How Much Should Streaming Services Pay?

A lot of people hate Corey Taylor, but I’m not one of em. I enjoy the music he creates, more with Stone Sour than Slipknot and he has a point of view, a stance, which he shares with the world.

In an interview with the Irish Times which Blabbermouth grabbed and ran with a few months ago, Taylor was asked if SLIPKNOT could live just on royalties from listens.

He said, no they couldn’t survive at the current rates but if the streaming services paid the same publishing rate as radio stations than they could.

In Australia that equates to about $6 per song (for the main cities), as regional cities have a lower fee and then there are separate fees paid for when the song is played, like prime time hours or graveyard hours.

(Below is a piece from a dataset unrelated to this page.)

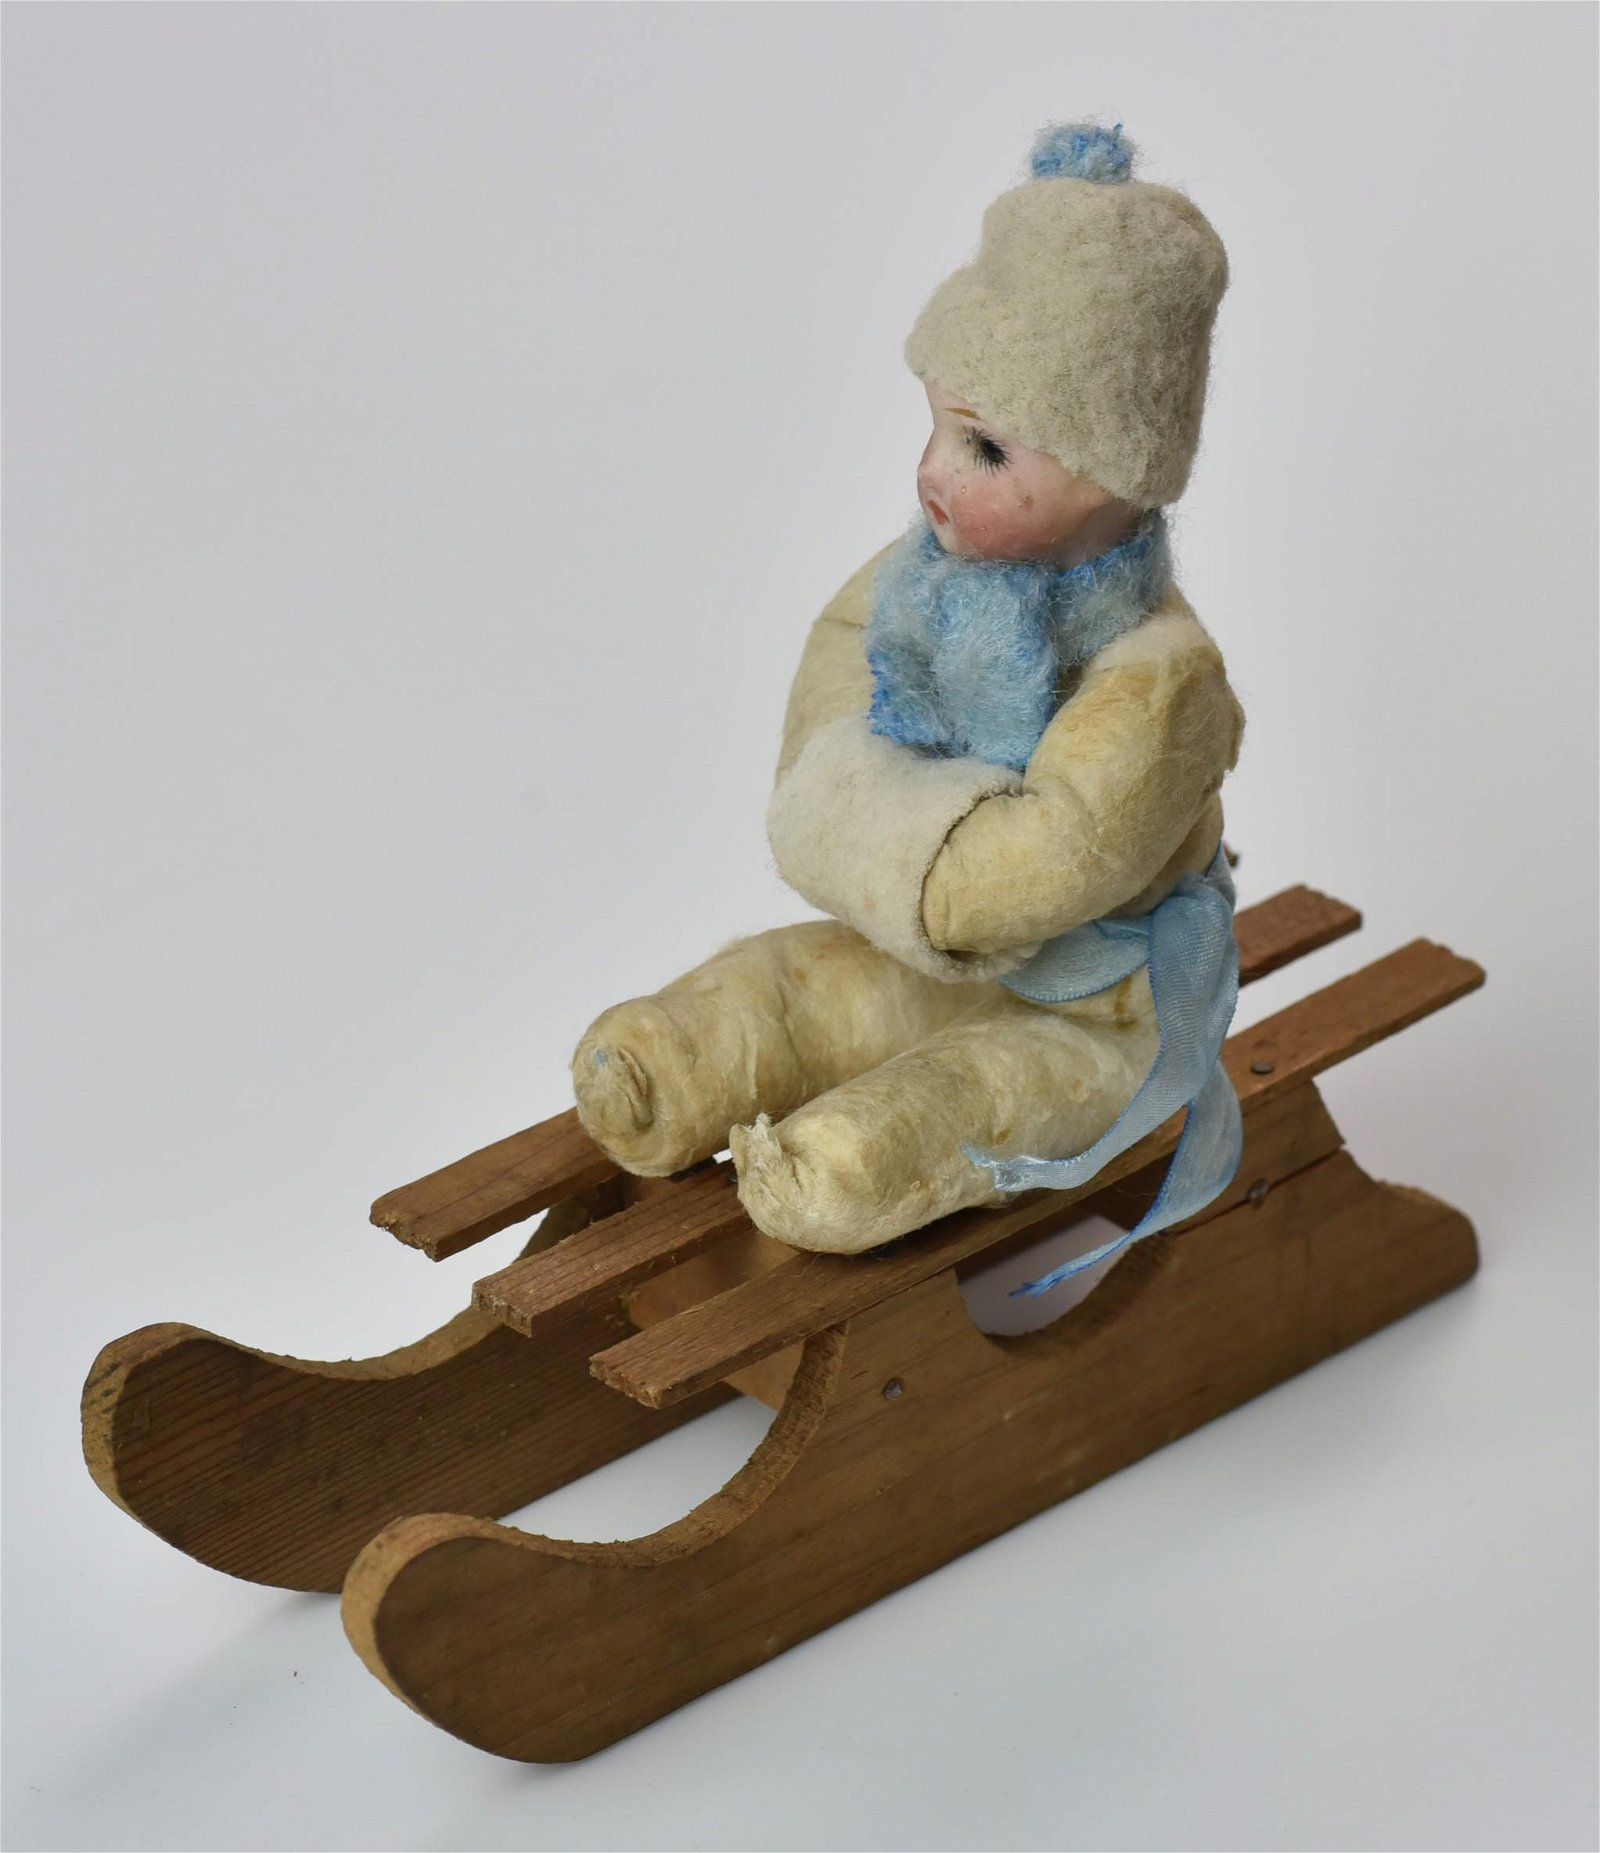 Heubach Child on Wood Sled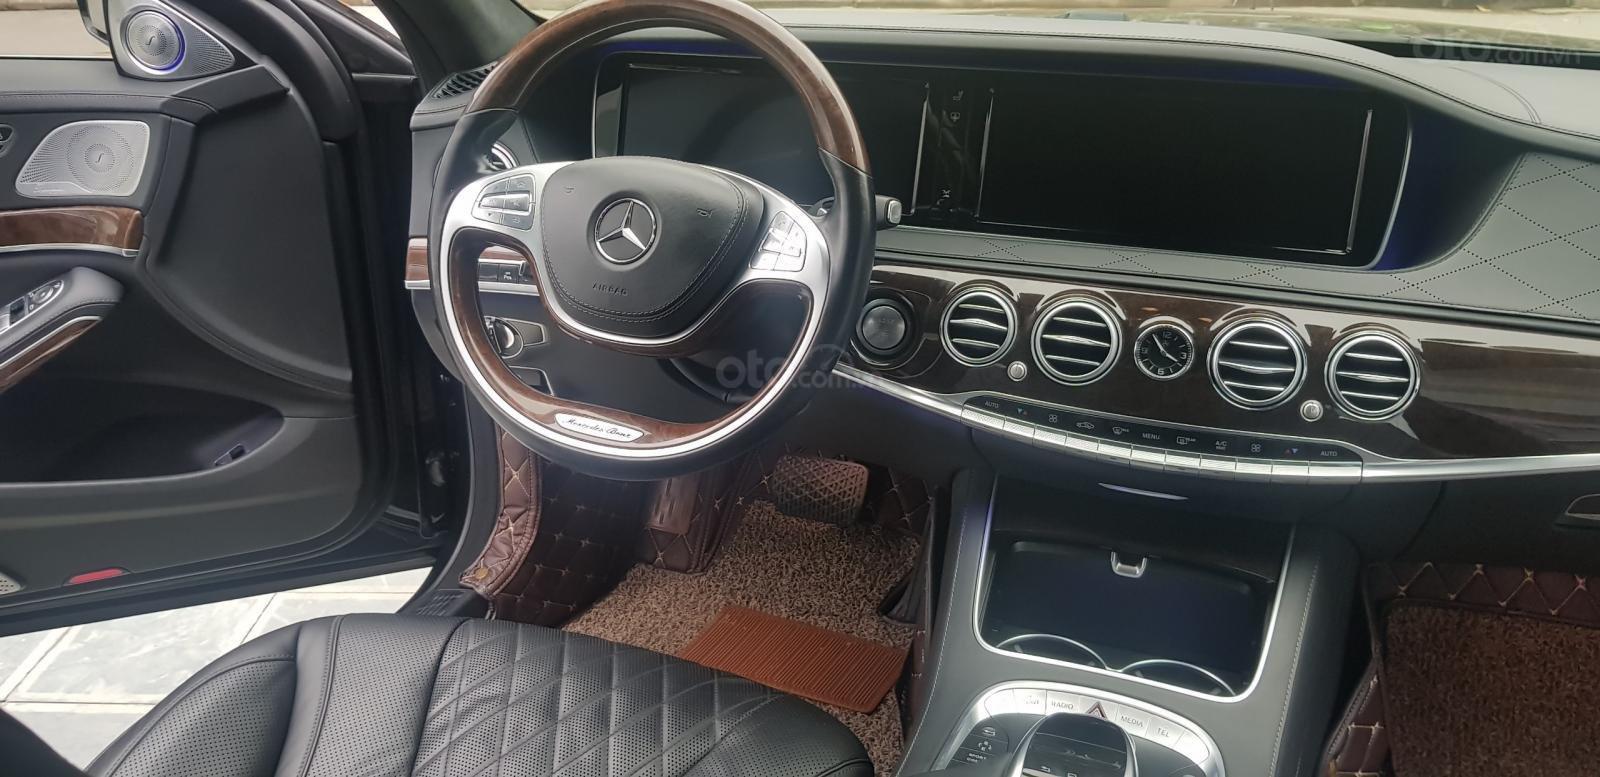 Bán Mercedes-Benz S500 SX 2016 màu đen, LH Ms  Hương 094.539.2468 (8)

In some cases the artists pay to get themselves played and they don’t even know it as it’s charged back to them by the label via miscellaneous expenses.

Also the $6 fee is paid just to the songwriters not the recording act. Since Taylor writes his own songs, he is okay in that department as he would get the payment.

But streaming services charge us $9.99 per month to access a catalogue of music. The math doesn’t work and suddenly piracy looks more appealing of that fee goes up.

Taylor doesn’t have a problem with streaming services for what they are trying to do, but he has a problem with them, when they spend millions of dollars on buildings and then more millions on decking out those buildings for offices and then more millions on flying private and more millions on wages while the artists who bring people to their service are not experiencing the same share of those millions.

But hang on a second, the label he’s signed deals with also spend millions of dollars meant for the artists on the same thing.

Steve Miller said something similar about the recording industry and the RNR Hall Of Fame people at his RNR HoF induction, how they take so much money from the artists and they don’t compensate the artist fairly.

The problem that I have as a fan of music is this;

Artists on a label sell their masters to the record labels for a fee. They are compensated at that point in time. Some for a lot more if they are successful and others for peanuts because they didn’t know any better.

The labels are aware of this power they have and since they are offering the cash, they want a return on investment. So the label benefits in this streaming era because they hold the masters.

Get your masters back like Motley and Metallica and suddenly you will benefit as well.